Leeslint: Alma Mathijsen

In de estafetteserie LEESLINT interviewt de ene schrijver de andere. Schrijfster Hanna Bervoets praat met Alma Mathijsen over identiteit, verlies en angst, en haar nieuwe roman. 'Ik heb schrijven nodig om te kunnen leven.'

Alma Mathijsen (29) schrijft en maakt dingen. Op haar achttiende begon ze met schrijven voor de jongerenwebsite spunk.nl. Ze was de helft van het duo Fanny & Alma in Het Parool. Ze schreef toneelstukken en een verhalenbundel en studeerde een half jaar creative writing in New York. In 2011 studeerde ze af aan de Gerrit Rietveld Academie, afdeling Beeld & Taal. Haar eerste roman Alles is Carmen, verscheen datzelfde jaar bij De Bezige Bij. Deze herfst komt haar tweede roman uit: De grote goede dingen. Naast schrijven organiseert en presenteert Alma de literaire avond Sunday in the Village.

_____

Je hebt zelf een heleboel schrijvers geïnterviewd, onder meer voor de website van De Bezige Bij. Er was een vraag die je slechts één keer aan iemand stelde, maar die mij het meest intrigeerde (dat zegt vast iets over mij): Verlies je je identiteit als je stopt met schrijven?

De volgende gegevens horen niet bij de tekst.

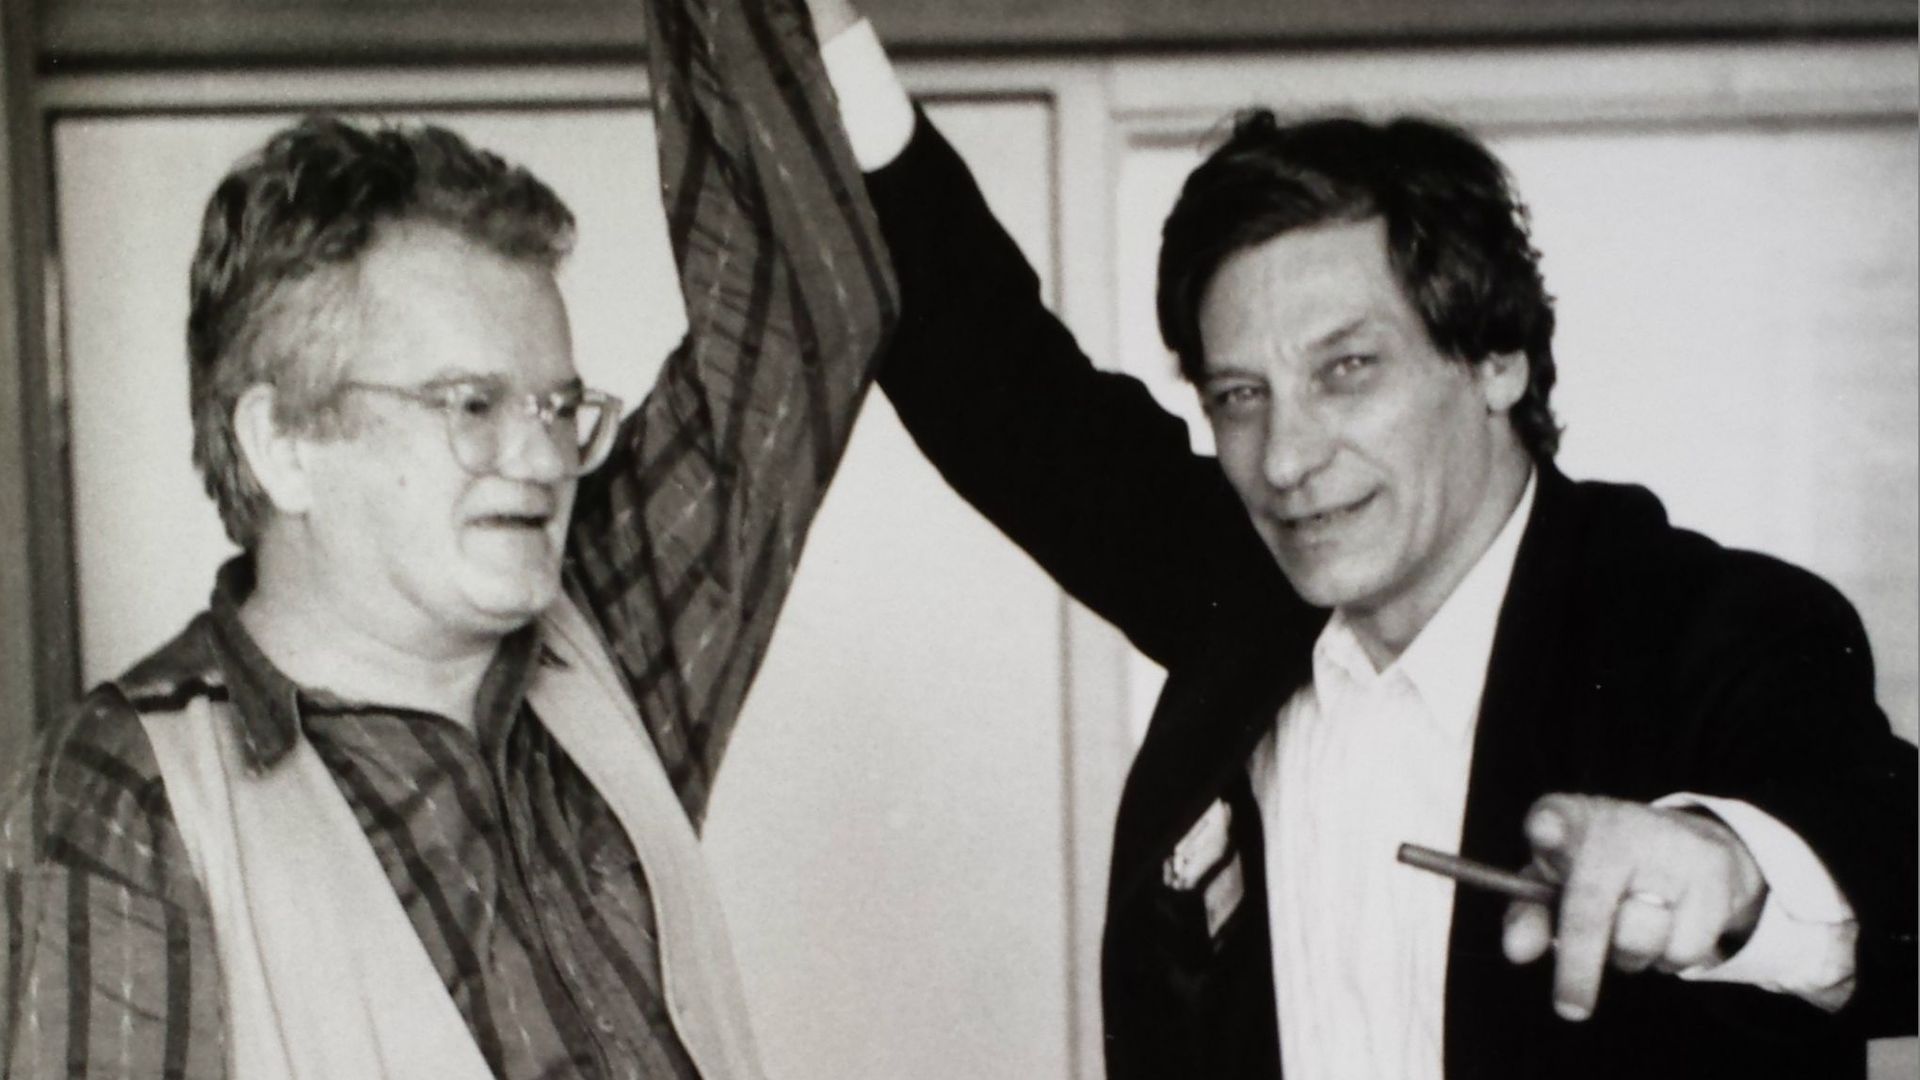 Jean-Pierre Van Tieghem dans les studios de la RTBF en compagnie de Jan Hoet, en juin 1992, juste avant la documenta IX, dont Jan Hoet était le commissaire

Ha, wat een moeilijke vraag! Ik kan het haast niet loskoppelen, al kan ik me ook best voorstellen dat ik een jaar niet schrijf en dan heb ik niet direct het idee dat er van alles aan mijn identiteit verandert. Wat maakt iemand tot wie hij is? Dat is de eigenlijke vraag. Is het van belang te weten dat ik schrijf om mezelf te kennen, of is het belangrijker te weten dat ik douchen haat en mijn moeder nog steeds mis als ik op reis ga? Ik weet het niet. Wat ik wel zeker weet, is dat ik vreemd word als ik een tijd niet heb geschreven. Ik heb het nodig om te kunnen leven.’

Van de vragen die je zelf het meest aan andere schrijvers stelt heb ik een top drie gemaakt. Zou je die nu voor mij willen beantwoorden?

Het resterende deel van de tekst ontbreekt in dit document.